The study demonstrated that clicking isn't just a figure of speech but is predicted by "response times" in a conversation or the amount of time between when one person stops talking and the other person starts. The findings were published in the 'Proceedings of the National Academy of Sciences'.
"We've all had the experience of clicking with some people but not others. We wanted to see if something in people's conversations reveals when they click," said first author Emma Templeton, Guarini '23, a graduate student in psychological and brain sciences at Dartmouth. "Our results show that the faster people respond to each other, the more connected they feel."
The research consisted of three studies. The first study examined response time and social connection between strangers. Sixty-six participants took part in 10 conversations -- each with a different conversation partner of the same gender. They could discuss any topic of their choosing and their conversation was videotaped. After the conversation was over, participants watched the video playback and rated how connected they felt moment by moment, throughout the dialogue. Conversations with faster response times correlated with feelings of greater social connection.

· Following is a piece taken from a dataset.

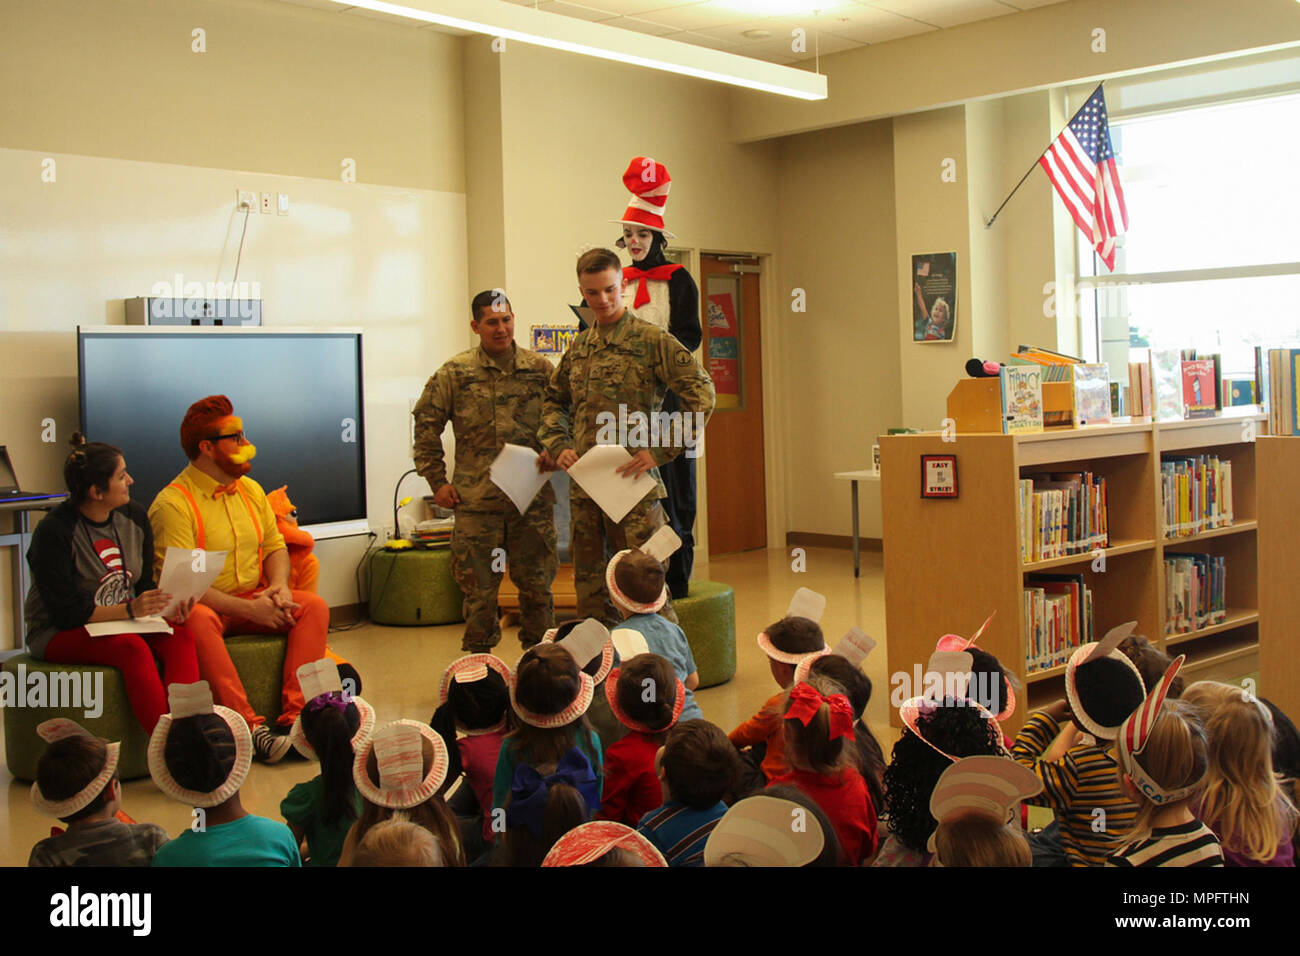 Two Soldiers from the 716th Military Police Battalion, 101st Airborne Division (Air Assault) Sustainment Brigade, 101st Abn. Div., participate in a rehearsal of “The Cat in the Hat” production staff members of Marshall Elementary School put together for the students, March 2, 2017, at Marshall Elementary School on Fort Campbell, Kentucky. The school celebrated the 20th Anniversary of Read Across America by inviting soldiers from 716th MP Bn. To the school and putting the production for the students to encourage and promote reading. (U.S. Army photo by Sgt. Neysa Canfield/101st Airborne Divisio Stock Photo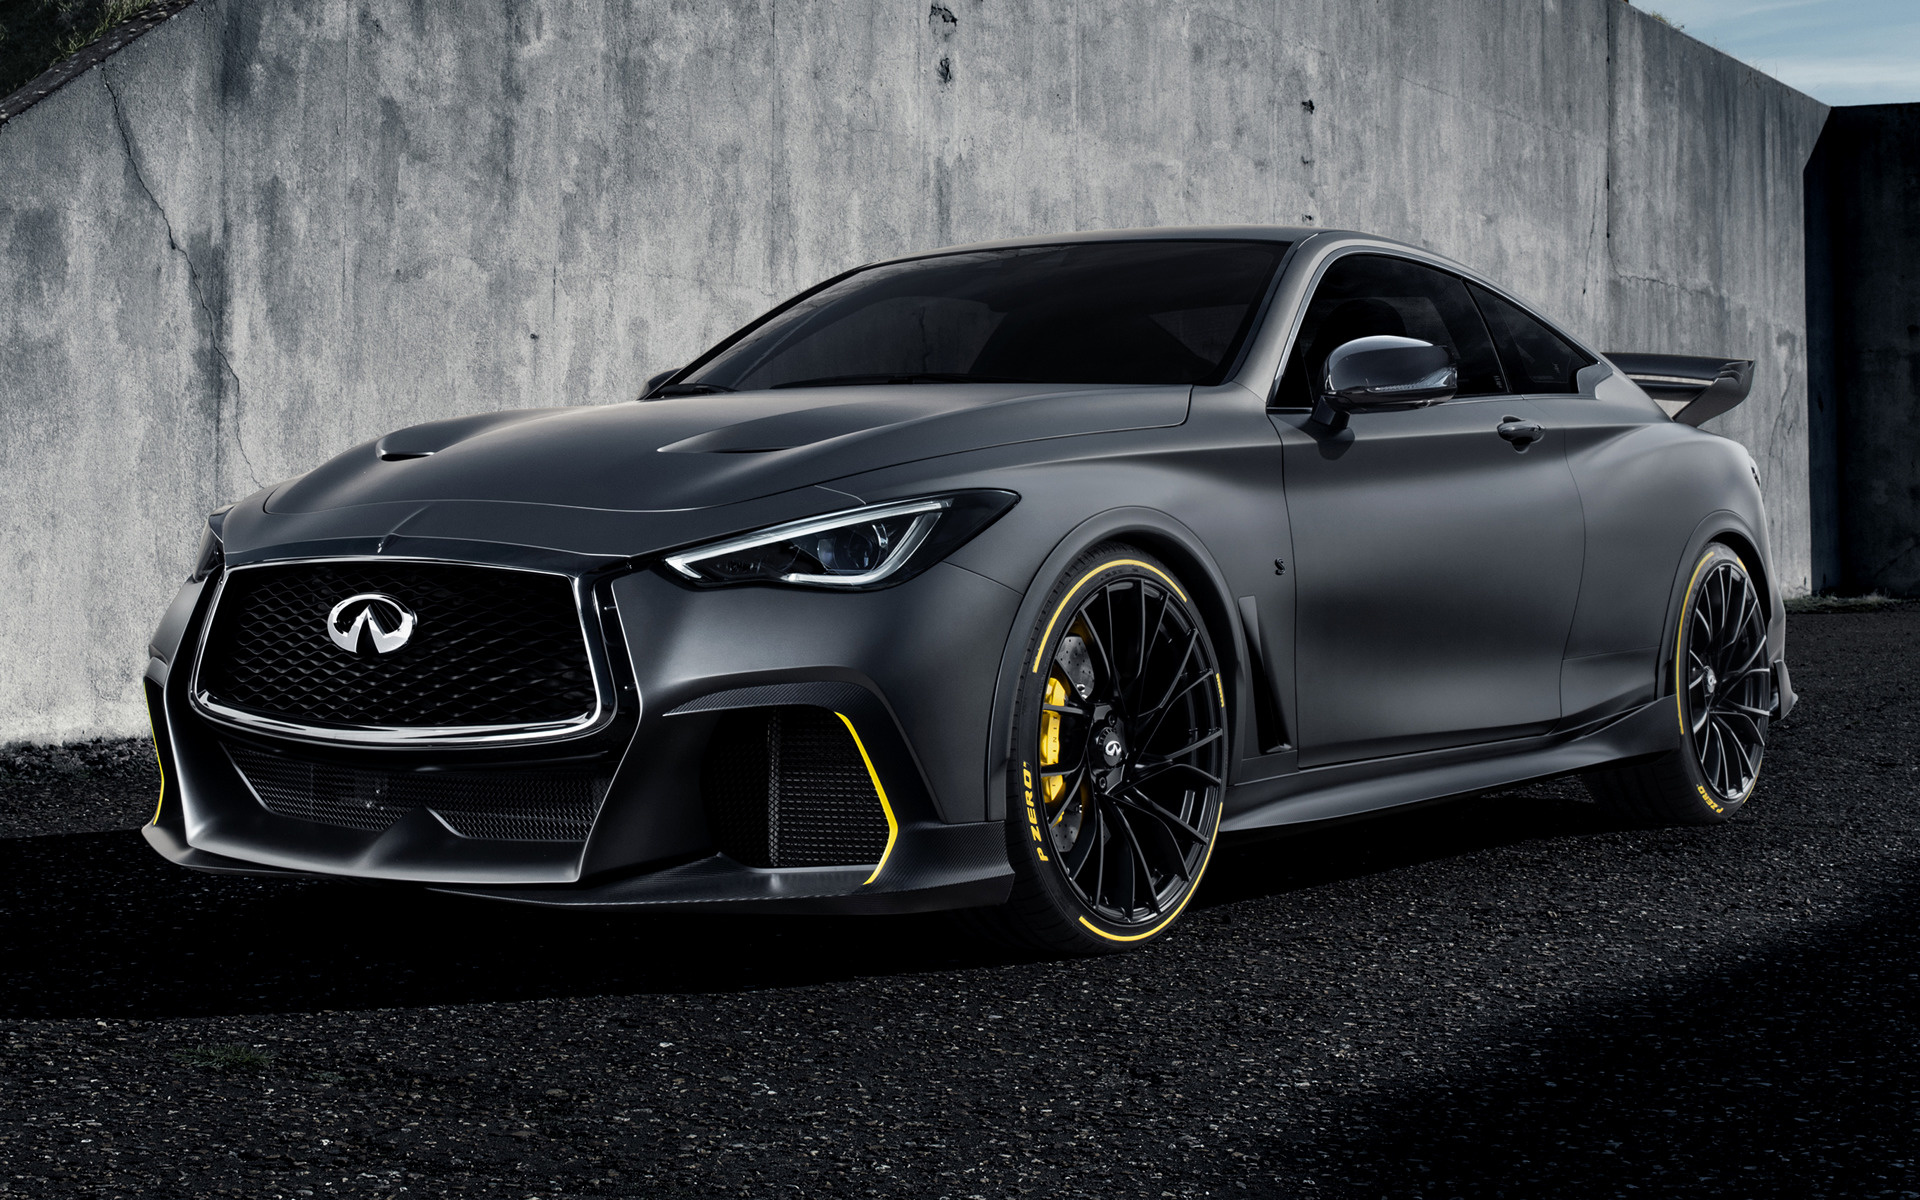 2018 Infiniti Project Black S Prototype - Wallpapers and HD Images

To determine if this result also applied to close friends, members of the first study and their close friends were invited to have conversations in a second study. Although close friends rated their conversations more favourably overall than strangers, the response time data were similar -- faster response times in friend conversations also predicted moments of greater social connection.
To test whether outside observers also used response times to infer when two people "click", respondents from Amazon's Mechanical Turk listened to audio clips of conversations for which the response times had been manipulated to be faster, slower or the original speed (control condition). Consistent with the results from the earlier two studies, outside observers thought two speakers were more connected when their conversations contained faster rather than slower response times. Because these conversation clips were identical except for response times, this study demonstrated that response times alone are a powerful signal of social connection.
"It's well-established that, on average, there's about a quarter of a second gap between turns during a conversation. Our study is the first to look at how meaningful that gap is, in terms of connection," said senior author Thalia Wheatley, the Lincoln Filene Professor in Human Relations at Dartmouth, and principal investigator of the Dartmouth Social Systems Laboratory. "When people feel like they can almost finish each other's sentences, they close that 250-millisecond gap, and that's when two people are clicking."